Summers are hot and humid; during this season, highs average in the upper 80s °F (lower 30s °C) and lows average in the upper 60s °F (lower 20s °C). The combination of heat and humidity in the summer brings very frequent thunderstorms, some of which occasionally produce tornadoes in the area. While hurricanes (or their remnants) occasionally track through the area in late summer and early fall, they have often weakened by the time they reach Stephens City, partly due to the city's far inland location.

The highest recorded temperature was  in 1988, while the lowest recorded temperature was  in 1983.

Demographics

As of the 2010 United States Census, the population of Stephens City was 1,829 people in 743 households, and 447 families residing in the town. The total showed an increase of 59.6% from 2000. The 2014 estimate placed the population at 1,921. The racial makeup of the town was 85.1% White, 7.1% African American, 0.4% Native American, 1.8% Asian, and 2.8% from other races. Hispanics or Latinos of any race were 7.3% of the population.

Of the 743 households in 2010, 28.8% had children under the age of 18 living with them, 38.5% were married couples living together, 14.4% had a female householder with no husband present, and 39.8% were non-families. 27.8% of all households were made up of individuals, and 24.1% had someone living alone who was 65 years of age or older. The average household size was 2.46 and the average family size was 3.06. The age distribution was 24.1% under 18, 9.2% from 18 to 24, 31.5% from 25 to 44, 24.3% from 45 to 64, and 10.9% who were 65 or older. The median age was 35.6 years. The median income for a household in the town was $51,944, and the median income for a family was $66,442. In 2009, employed males had a median income of $31,875 versus $35,461 for employed females. In 2009, the per capita income for the city was $20,581.
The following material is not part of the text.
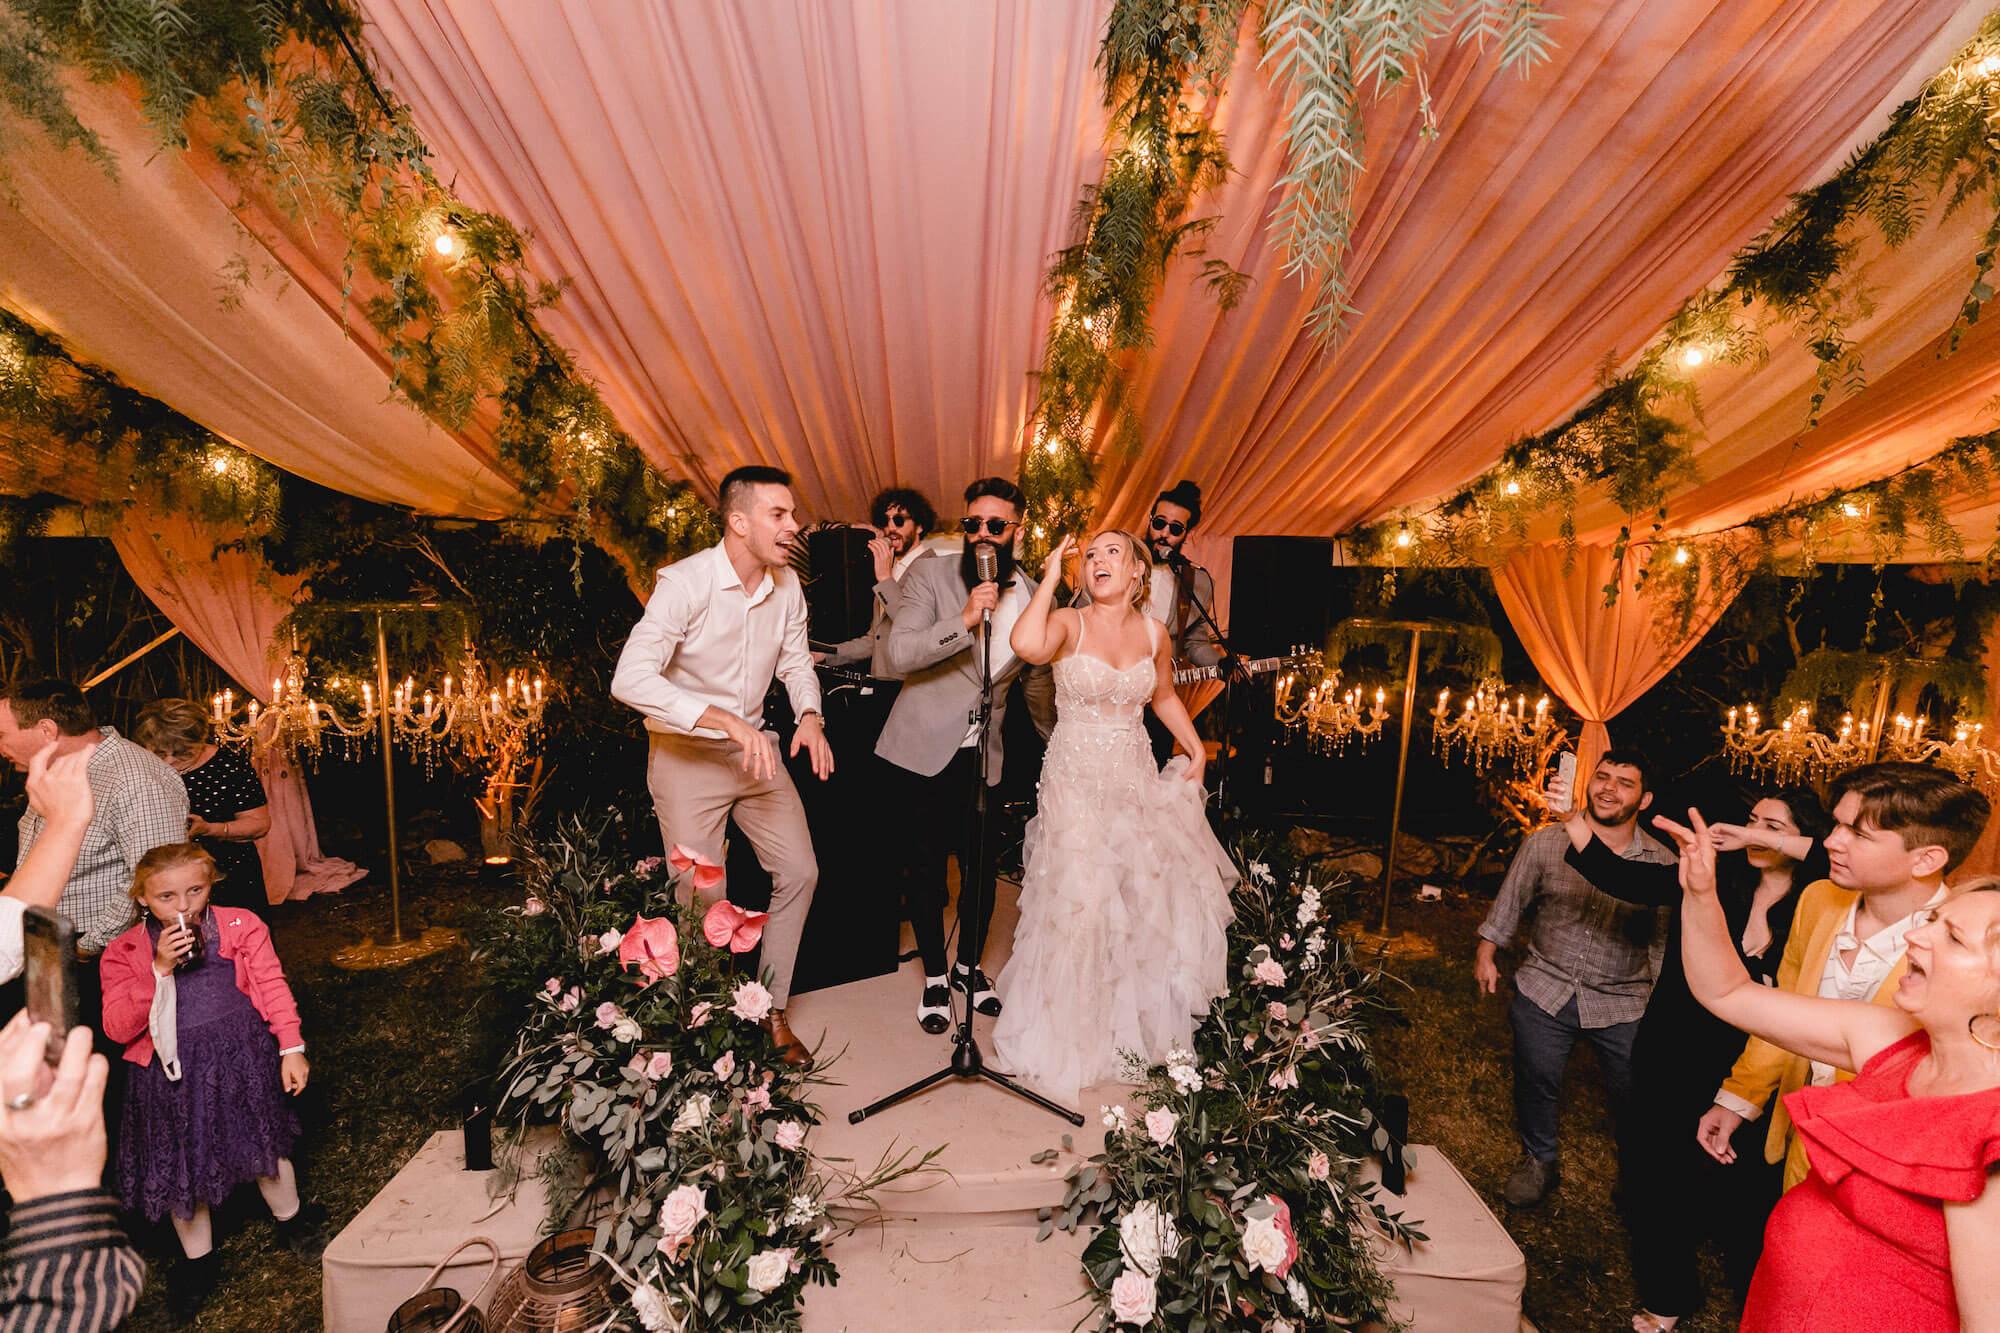 חתונה בצל הקורונה: עשרה רגעים מ2020

On the 2010 Census, residents self-identified with a variety of ethnic ancestries; the major categories reflect descendants of the settlers of the 18th and 19th centuries. People of German descent make up 20.4% of the population of the town, followed by Irish at 11.2%, English at 7.3%, Italian at 5.4%, Scotch-Irish at 3.4%, Polish at 2.5%, Scottish at 2.4%, Dutch at 2.2%, Danish at 1.2%, French at 1.2%, Swedish at 1.1%, Austrian at 0.9%, Portuguese at 0.5%, European at 0.4%, Russian at 0.4%, Welsh at 0.4%, British at 0.3%, Canadian at 0.3%, Croatian at 0.2%, Slovak at 0.2%, Subsaharan African at 0.2%, and French Canadian rounding out at 0.2%. 628 persons were of "other ancestries".

Economy
The economy of Stephens City features several industries. According to the 2000 United States Census, the industries in the town (by percentage of employed civilian population 16 years and over) were manufacturing at 20.4%, educational, health and social services with 19.9%, retail trade at 12.8%, arts, entertainment, recreation, accommodation and food services with 9.0%, construction at 8.0%, other services (except public administration) with 6.8%, transportation, warehousing, and utilities at 4.6%, public administration with 3.9%, professional, scientific, management, administrative, and waste management services at 3.7%, finance, insurance, real estate, and rental and leasing with 3.4%, wholesale trade at 3.4%, information with 2.2% and agriculture, forestry, fishing and hunting, and mining at 1.9%.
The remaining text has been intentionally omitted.